The 'Wilkinson' head photographed in the late Fifties

Cromwell’s head went missing in around 1688 when a storm snapped the pole on which it was impaled and the head fell into the grounds of Westminster Hall. A sentry found it and hid it in the chimney of his house, ignoring the considerable reward that was offered for its return. No one knows what happened to the head after this until it reappeared in 1710 in the Cabinet of Curiosities owned by Claudius Du Puy who put it on public display. Du Puy boasted to a German visitor that he could get 60 guineas for the head if he wished to sell it. On Du Puy’s death in 1738 the head passed through various hands; a failed comic actor named Samuel Russell used to produce the head and pass it around at drunken revels, the clumsy hands of the carousers causing “irreparable erosion of its features”. The Hughes Brothers put it on public display in Bond Street and charged two shillings and sixpence to see it but the venture was a failure as many potential customers simply did not believe that it was the head of Cromwell.     
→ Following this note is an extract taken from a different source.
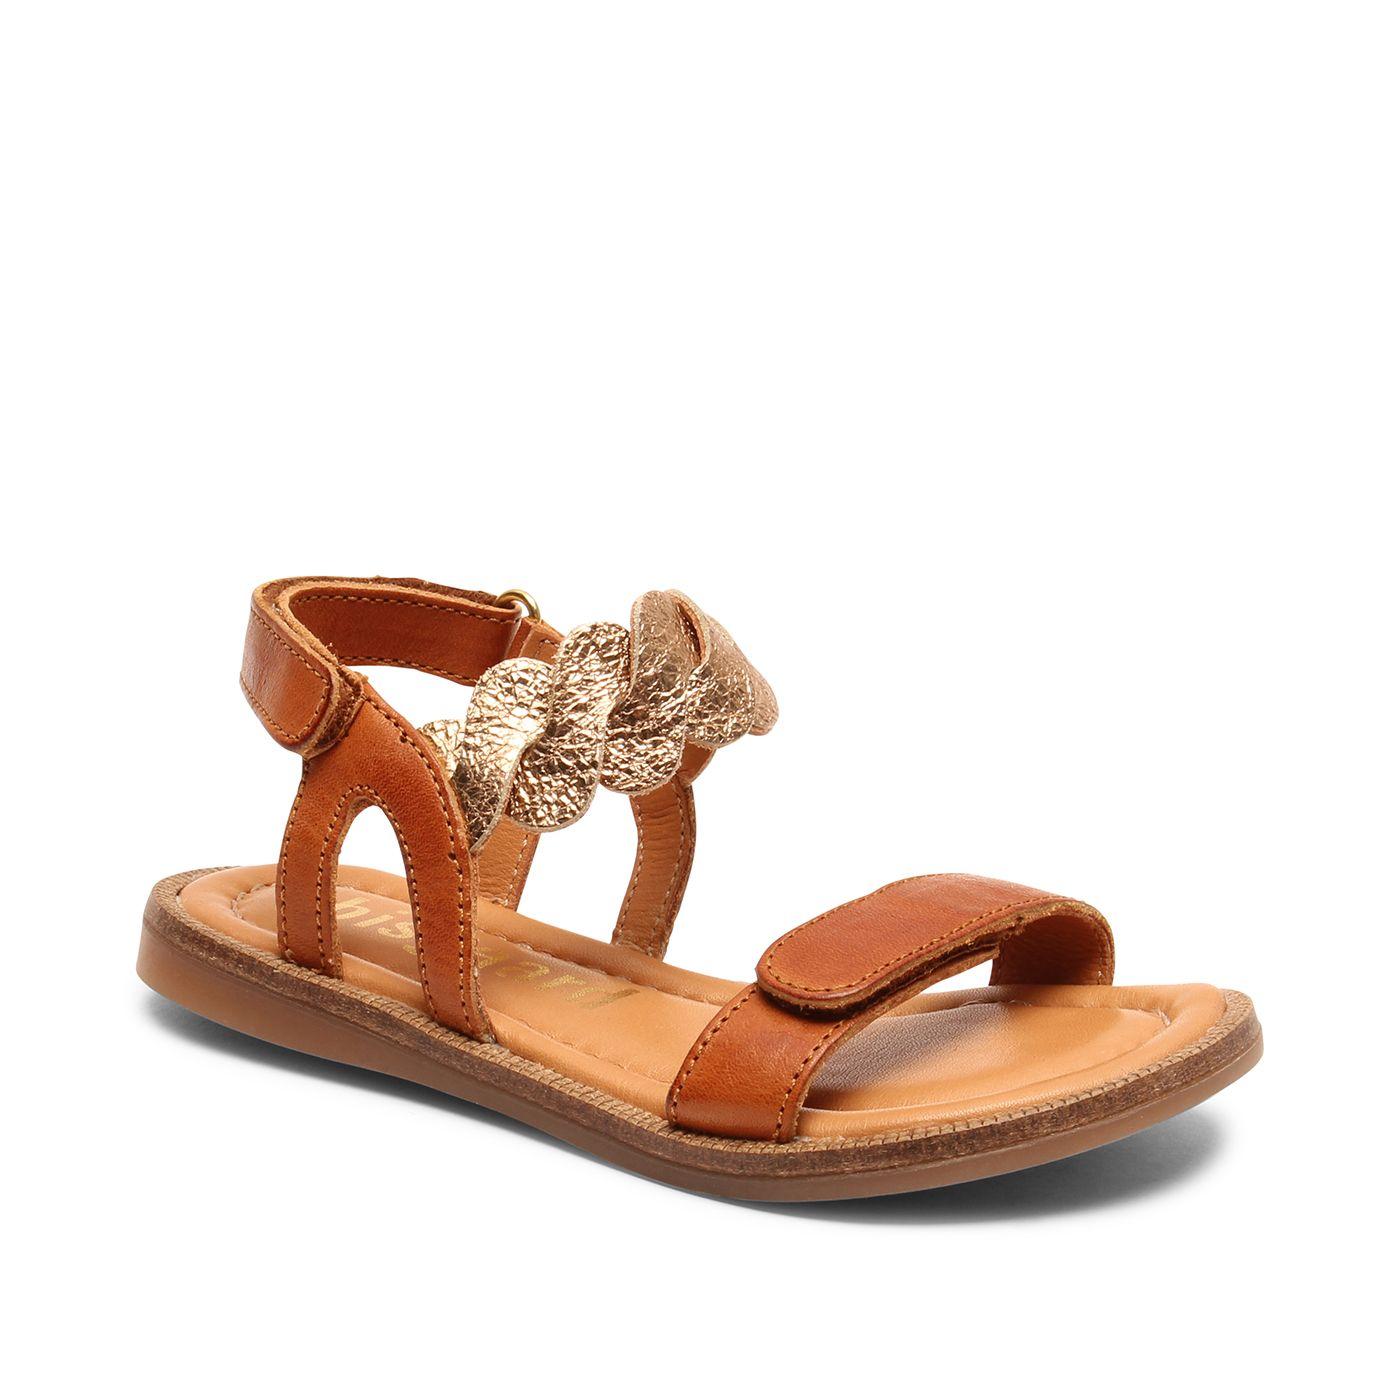 Bisgaard dívčí kožené sandály 71945 - 1300

One of the ferocious head hunters
of Sidney Sussex College
In 1815 one of the Hughes’ descendants sold the head to Josiah Henry Wilkinson who astonished the novelist Maria Edgeworth by producing it one morning at breakfast “not his picture—not his bust—nothing of stone or marble or plaster of Paris, but his real head”. On the other hand Thomas Carlyle point blank refused to see it or to believe that the head could be Cromwell’s “it has hair, flesh and beard, a written history bearing that it was procured for £100 (I think of bad debt) about 50 years ago...the whole affair appears to be fraudulent moonshine, an element not pleasant even to glance into, especially in a case like Oliver's.” There were other candidates to be the authentic head of Cromwell – a skull in the Ashmolean museum in particular made strong claims to the one and only genuine article. The distinguished physician George Rolleston examined both heads and thought that the Ashmolean skull was a fake, a verdict concurred with by later investigators who pointed out that it had been pierced from the top, not the bottom, and that there were no vestiges of skin, flash or hair as would be expected from an embalmed head. In 1960 a descendent of Wilkinson’s presented the head to Sidney Sussex College in Cambridge where Cromwell had been a student. On March 25 1960 the head was finally reburied in the college chapel inside an airtight container with just a few witnesses. The burial was only made public in October 1962 and a plaque now marks the approximate spot, the exact location remaining a closely guarded secret.